INTRODUCTION:

Cardiovascular disease like myocardial or cerebral infarction due to the blood clot (thrombus) formation in blood vessels.¹ most commonly used thrombolytic agents like: streptokinase and urokinasebut hyper risk of haemorrhage and anaphylactic reaction associated with their use.²Additionally, these agents are biotechnological products and cost of therapy is usually high.

Everyday new drugs are being discovered in the market. Medicinal plants possess variety of phytoconstituents and have significant importance in the field of biotechnology. India has been known to be well-off repository of medicinal plants since early time.³ Use of herbal drugs is common as an alternative medicine; these phytoconstituents are prominent and promising pharmacological agents with good safety profile.

Prunus avium L. also known as a “sweet cherry” is used in the Ayurvedic systems of medicine. Fruits of Prunus avium L. is used in cardiovascular, stroke, diabetes, and some cancers diseases.⁴ Discovery and development of natural products from various plant and animal sources which have large efforts and have antiplatelet,^5,6 anticoagulant,^7,8 antithrombotic,^9,10and thrombolytic activity.^10,11,12 The current research work was designed to evaluate the fruits of Prunus avium L. for their clot lysis property (thrombolytic activity) by using an in-vitro procedure.

MATERIALS AND METHODS:

Plant collection and Authentication:

Plant collection:

Fruits of Prunus avium L. (sweet cherry) were collected from local market of Rajkot

Authentication:

Authentication of fruits was done at Department of botany, School of Science R.K. University, Rajkot.

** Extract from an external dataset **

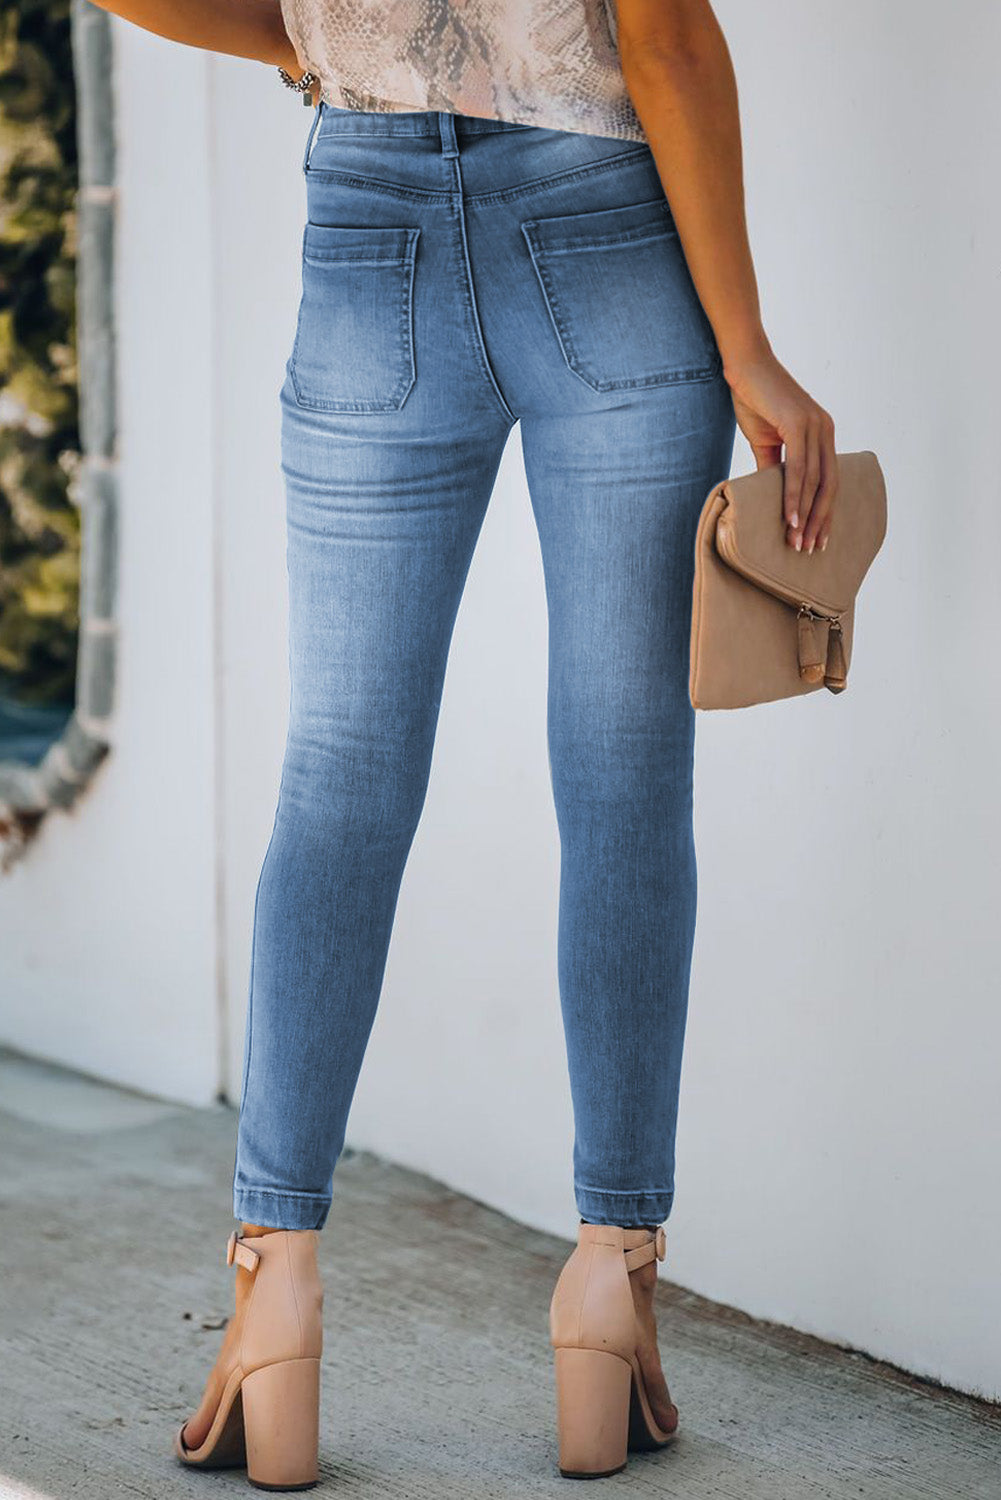 Dunkelblaue Skinny-Jeans mit Knopfleiste und Taschen
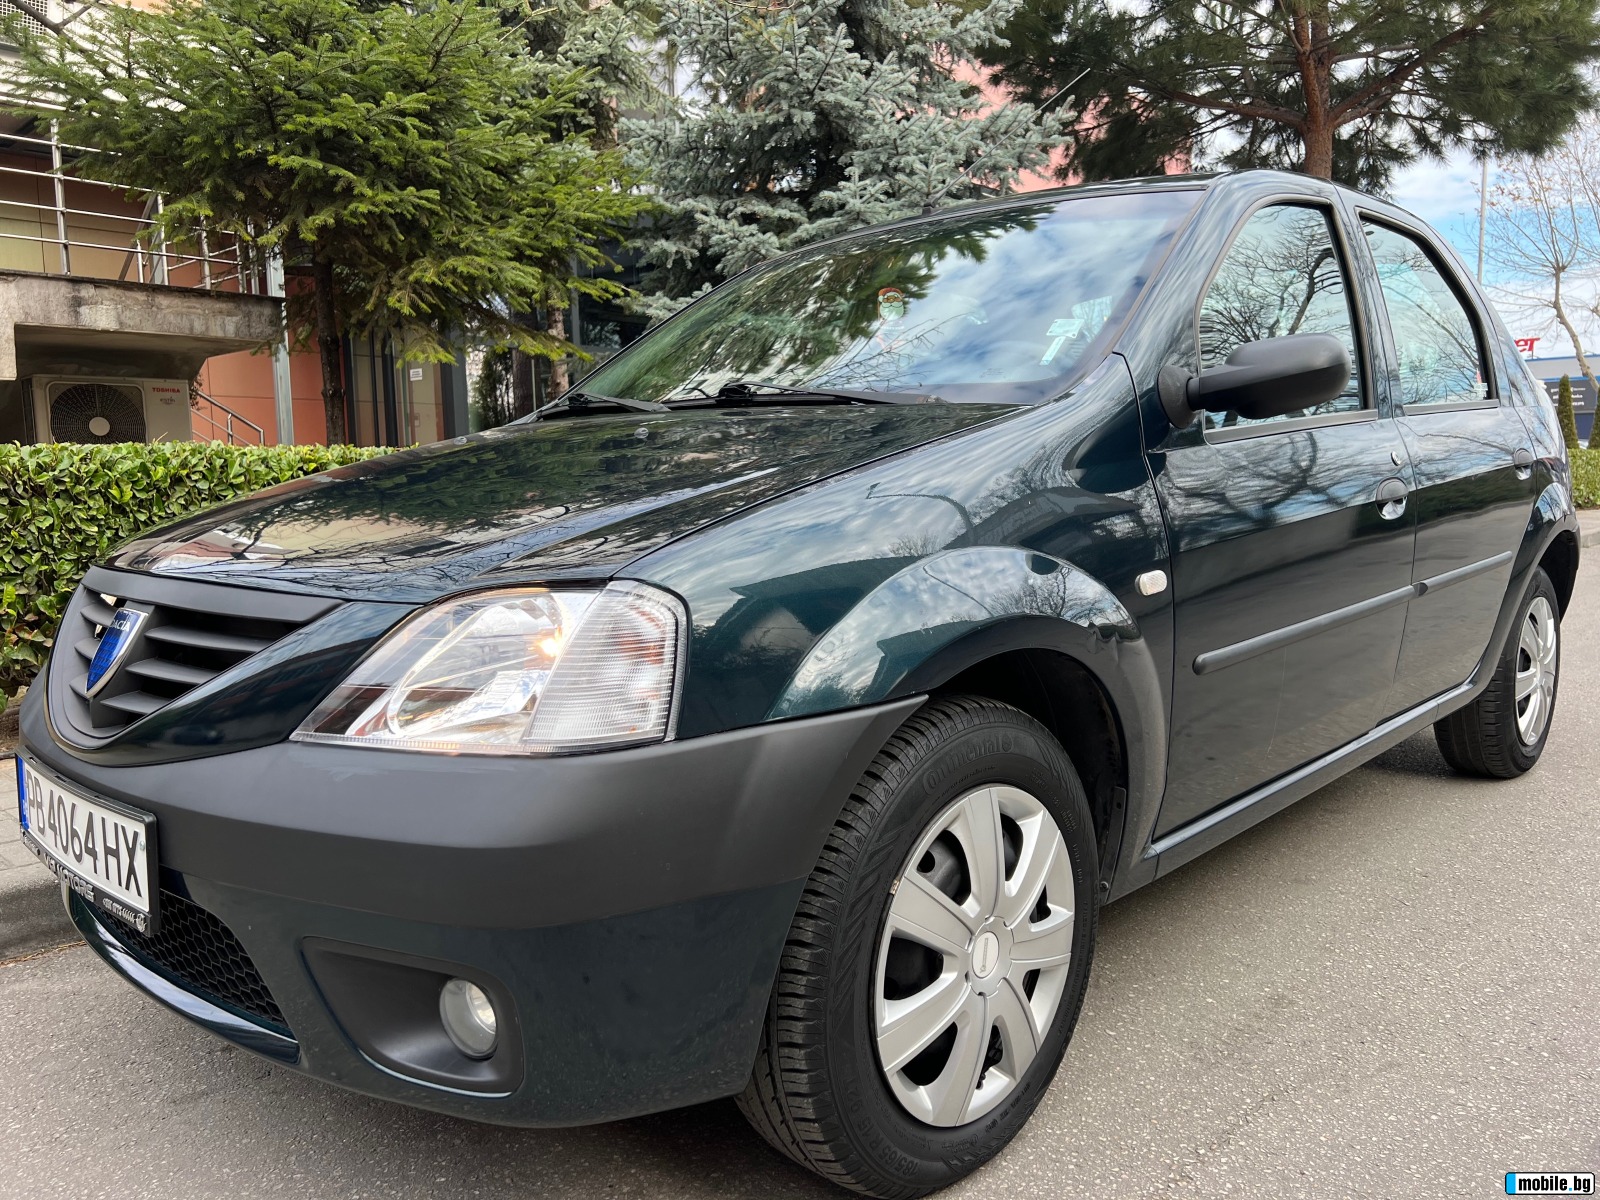 Dacia Logan 1.4i KLIMATIK/70.000km!!!/UNIKAT | Mobile.bg   1

Preparation of plant extract:

Fruits were air-dried in an oven the constant weight at 45˚C.¹⁴ 1gm of sample were weight and extracted consecutively with 40ml of methanol/water (50:50, v/v) for 1hr at room temperature. Centrifuged the sample at 25,400rpm for 15 min and supernatant was received. After that 40ml acetone/water (70:30, v/v) was added into the residue at room temperature and further for 60 min samples were extracted and centrifuged then supernant was recovered. Both methanolic and acetonic supernants were mix and evaporate to dryness of solvents.¹⁵

In-vitro study of clot lysis activity of thrombolytic drugs

Procedure:

Human blood (10ml) was collected from the blood blank. In previously weighed sterile centrifuge tube 500 μl of blood was transferred.

Streptokinase (SK):

To the commercially available lyophilized streptokinase vial (15,00,000 I.U.). 5ml phosphate buffered saline solution was added and mixed accurately and this solution was used as a stock from which 100μl (30,000 I.U.) was used for in-vitro thrombolytic assay.¹⁶

Preparation of test sample (extracts):

The methanolic extracts were dissolved in DMSO respectively to prepare different concentrations (50, 25, 10 and 5μg/ml respectively)¹⁷ of the test samples. 100μl of the methanolic extracts of the plant was added to the microcentrifuge tube containing the clots to check thrombolytic activity.

Phytochemical Screening:

The extract was tested for the presence of flavonoids, saponins, alkaloids, tannins, phenols, carbohydrate, and glycoside etc.¹⁸

Study design:

All micro centrifuge tubes were sterile and weighted. 0.5 ml of human blood was transferred to different micro-centrifuge tubes then incubated all the tubes at 37°C for 45 minutes. After the clot formation, serum was totally removed without disturbing the clot formation and clot weight was determined. Clot weight = Weight of tube containing clot -weight of empty tube. Properly labeled the all the micro centrifuge tubes and 100μl of the methanolic extracts were added at various concentration (5μg/ml, 10μg/ml, 25μg/ml and 50μg/ml) respectively. 100μl of 15,00,000 I.U Streptokinase was used as standard control. 100μl of DMSO used as normal control. Micro centrifuge tubes were then incubated yet again at 37°C for 90 min. After incubation, fluid was totally removed from all the tubes and tubes were re-weighed for the determination of the difference in weight after clot disruption. % clot lysis was calculated through the difference between before and after clot weight. Triplication of assay was done. The results of thrombolytic assay are expressed as % clot lysis.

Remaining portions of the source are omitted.